The celebrated director of such films as The Thin Blue Line and the Oscar-winning The Fog of War investigates some of photography's most iconic, enduring, and mysterious images in Believing Is Seeing from Penguin Press.
Is it true you were once a private eye? Has it influenced how you look at the truth?
It's true I worked as a detective, but I think the desire to investigate things... either you have it or you don't. It's the Dupin or the Sherlock Holmes in me. Almost all of my work has been about this underlying belief that we can figure things out. And every photograph is a mystery. Photographs rip a swatch from the fabric of reality. They decontextualize. But they're still connected to the world, and they tell two stories: one about our belief about images, but also about one moment in history, of something happening at one moment in front of one particular lens. At its heart, this is a romantic book. To try to figure out—what was that world recorded by James Fenton? Or the world of Amos Humiston and the photograph found in his hands on the battlefield at Gettysburg?
Many of these stories first appeared on your blog at the New York Times. When did you realize you had a book on your hands?

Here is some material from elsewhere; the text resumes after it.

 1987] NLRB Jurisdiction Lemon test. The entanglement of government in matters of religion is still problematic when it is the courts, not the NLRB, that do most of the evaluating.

When I realized I could actually write. The first big piece I did was on the James Fenton photographs of the Crimean War. You wouldn't imagine that it would be the kind of subject matter that would attract a lot of attention, but it did. The piece—and the book—is about photographs as a way of entering history through something very specific. If you pick up any one of the hundreds of histories of the Crimean War, invariably it will start off with a description of the historical antecedents and gradually and chronologically you will enter in the story. Same with biography; you open one and you're reading about someone's maternal grandparents. What a photograph allows you to do is to enter history in the middle of everything. As I imagine it, you walk into the photographs and start looking around. That's the beginning of a mystery.
It was your investigation into Fenton's photographs—and your team's attempt to establish what time they were taken by analyzing every stone and shadow—that first made the Crimean War real to me, that persuaded me that it actually happened. So as you say, photographs seem to make history not only specific but material.

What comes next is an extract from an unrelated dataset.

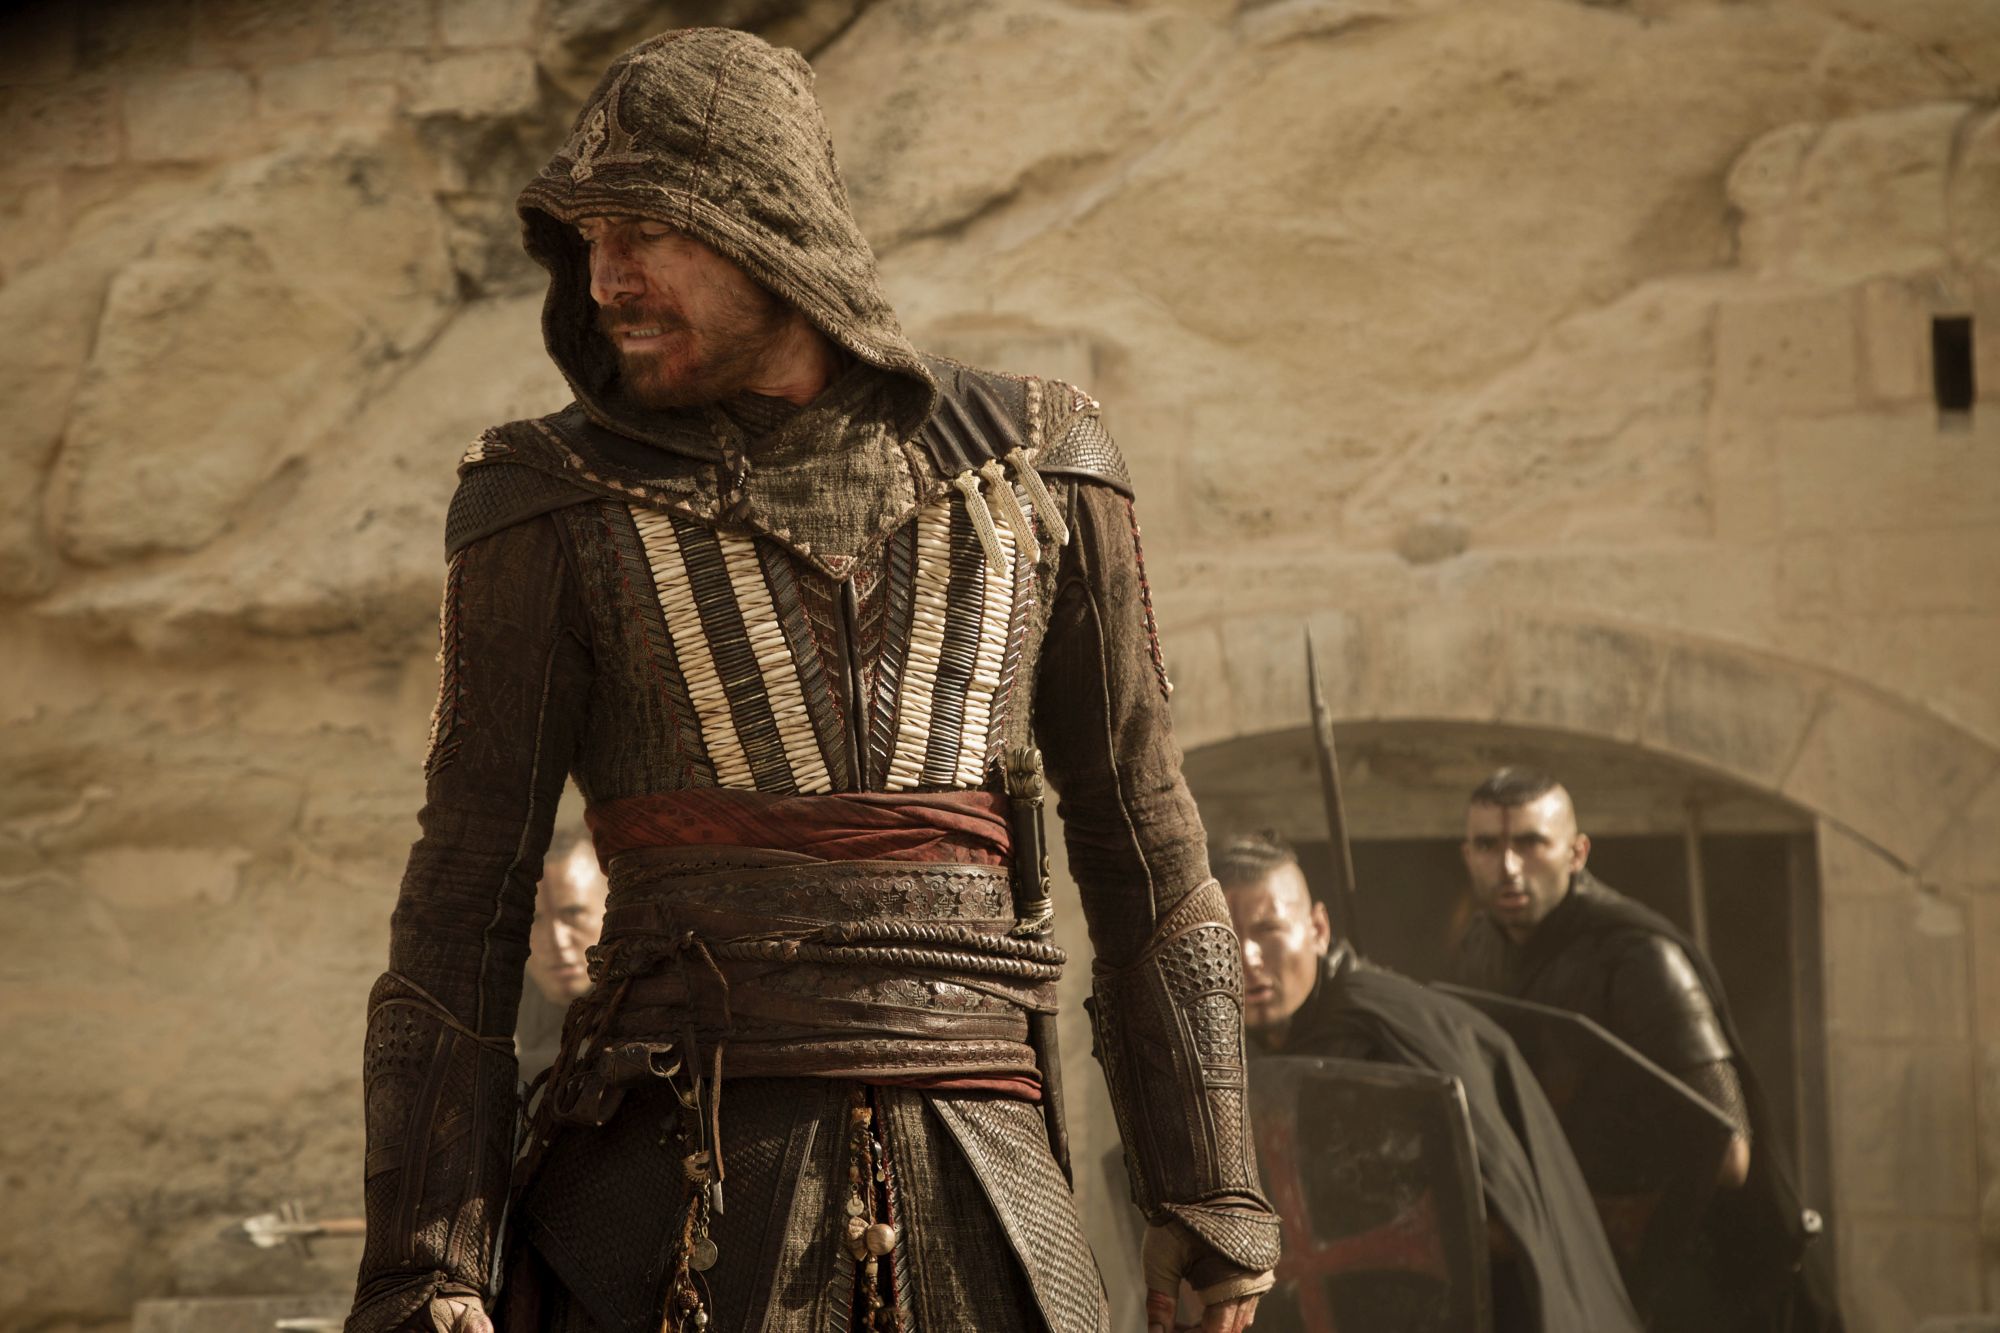 It's Game On For Michael Fassbender In New Trailer For 'Assassin's Creed'

We're connected through particulars—that's really our experience of being alive. When I ended up in Crimea, I had a map from 1855 with me. I was standing on a hill that the map called Snail Hill. I looked down, and there were little snails all over the place. Later I read a soldier's account of being in one of the trenches on Snail Hill, and he was surrounded by all of the little snails. I felt suddenly connected to history, and connected through particulars, through the odd details.
You're rare in that unlike most people who have written a great deal about photography, you've actually worked extensively with cameras. Photography isn't abstract to you. Has this influenced how you'd read, say, Sontag or Barthes?
I know that Sontag's essay on the Abu Ghraib photos in the New York Times magazine influenced me in so many ways, although I didn't agree with her conclusions. What she didn't do—and what I have tried to do—is accept that photographs are never a given. We may think we know what a photograph means, we may think we know what it's of, but we don't. To me the Abu Ghraib photos are a perfect example of a kind of mystery. What was going on? Were they all taken for the same reasons? Who were the people that took them? Whenever you look at a photograph, you're looking at what is no longer there. The photograph is there, but what was photographed is transient, is gone. Proust had his madeleines. I have my photographs.